In a report on the scope of contemporary pharmacy practice released earlier this year, the US Council on Credentialing in Pharmacy stated that “new professional services have been introduced and an expanded range of post-licensure credentials, education, and training have been created to assure the contemporary competence of all practitioners and to support their continuing professional development and career progression.”2 Notably, the Council supports postlicensure credentials, rather than further licensing. This authoritative body suggest that continuous professional development is what moves a profession forward, not the availability of a separate license for advanced practitioners.
This issue also becomes very complicated in terms of defining what exactly an advanced practitioner is and what he or she does. In addition, there are many different types of advanced practice, which vary not only by setting, disease state, and patient population, but also by roles and responsibilities. Should there be separate licensure for advanced general practitioners, advanced pediatric practitioners, advanced geriatric practitioners, and certified diabetic educators, or for pharmacotherapy specialists (or board-certified pharmacotherapy specialists) in nuclear pharmacy, nutrition support, oncology, psychiatry, and pharmacotherapy? Where would we draw the line? Compounding pharmacists have additional training and expertise, but should they too have a special licence?
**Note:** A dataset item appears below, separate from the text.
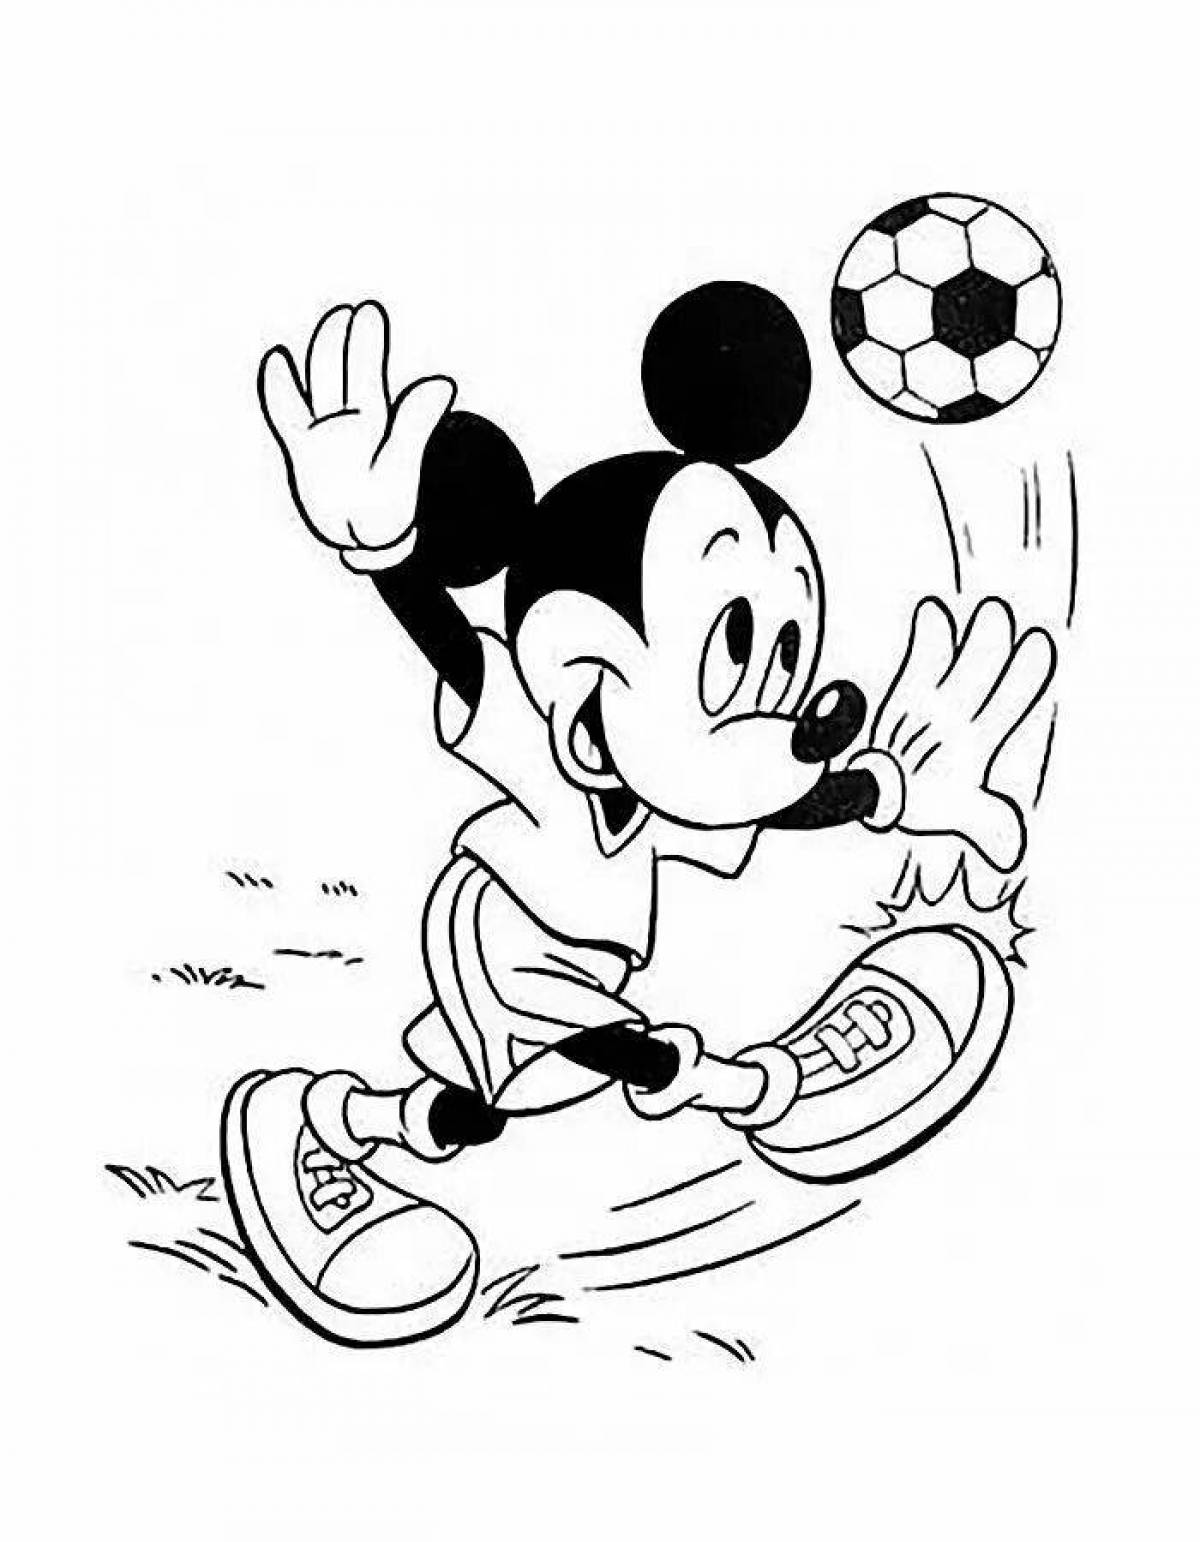 Animated mickey mouse coloring book for kids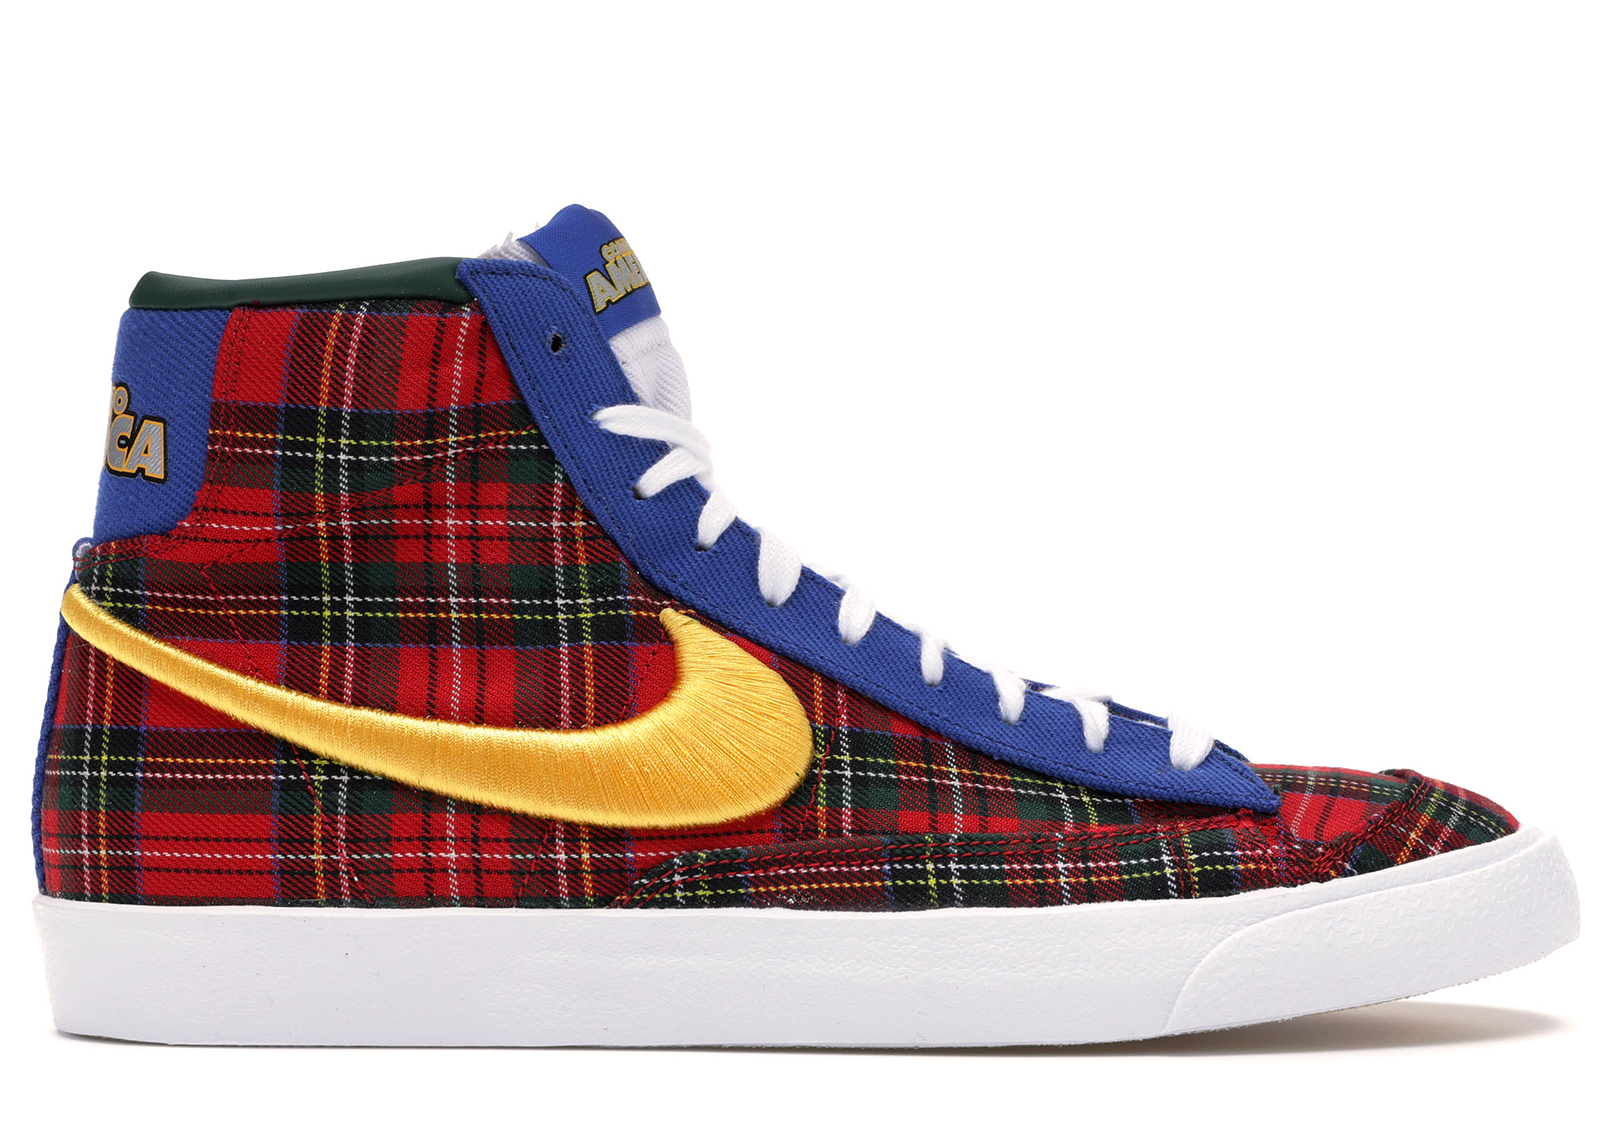 coming to america nikes

The National Association of Pharmacy Regulatory Authorities (NAPRA) has struggled with this issue for more than 10 years. In 1998, the development of a regulatory process and standards for specialization was viewed by the registrars as important for public protection, for maintaining the integrity of the profession, and for allowing pharmacists with special expertise to be recognized as such through the activation of protected title designations. Just recently, a framework for recognition of 4 specialaty areas has been published.3 If it is difficult for NAPRA to develop a set of guidelines for advanced practice, is it even possible to set criteria for an advanced pharmacy practice licence?
The one possible advantage to an advanced practice licence would be to limit those who are not qualified, but Canada’s pharmacists are self-regulated health care professionals. It is up to each of us to meet the minimum standard of practice but also to recognize and understand the limits of our knowledge and skills and to avoid practising beyond our own capabilities. The expanded scope of practice being recommended by many provincial authorities should be adopted by all competent practitioners; it should not be reserved for a select group of elitists. Pharmacists may require further education to meet the expanded scope of practice, but there is no need for a separate licence to fulfill a role that many have already accepted.
The creation of an ill-defined licence for a nebulous group of practitioners so that they can perform a few select tasks for a relatively small number of patients is the wrong approach for our profession. I believe that continuous professional development in the form of postlicensure credentialling, training, and education would best serve patient care, our profession, and the Canadian public.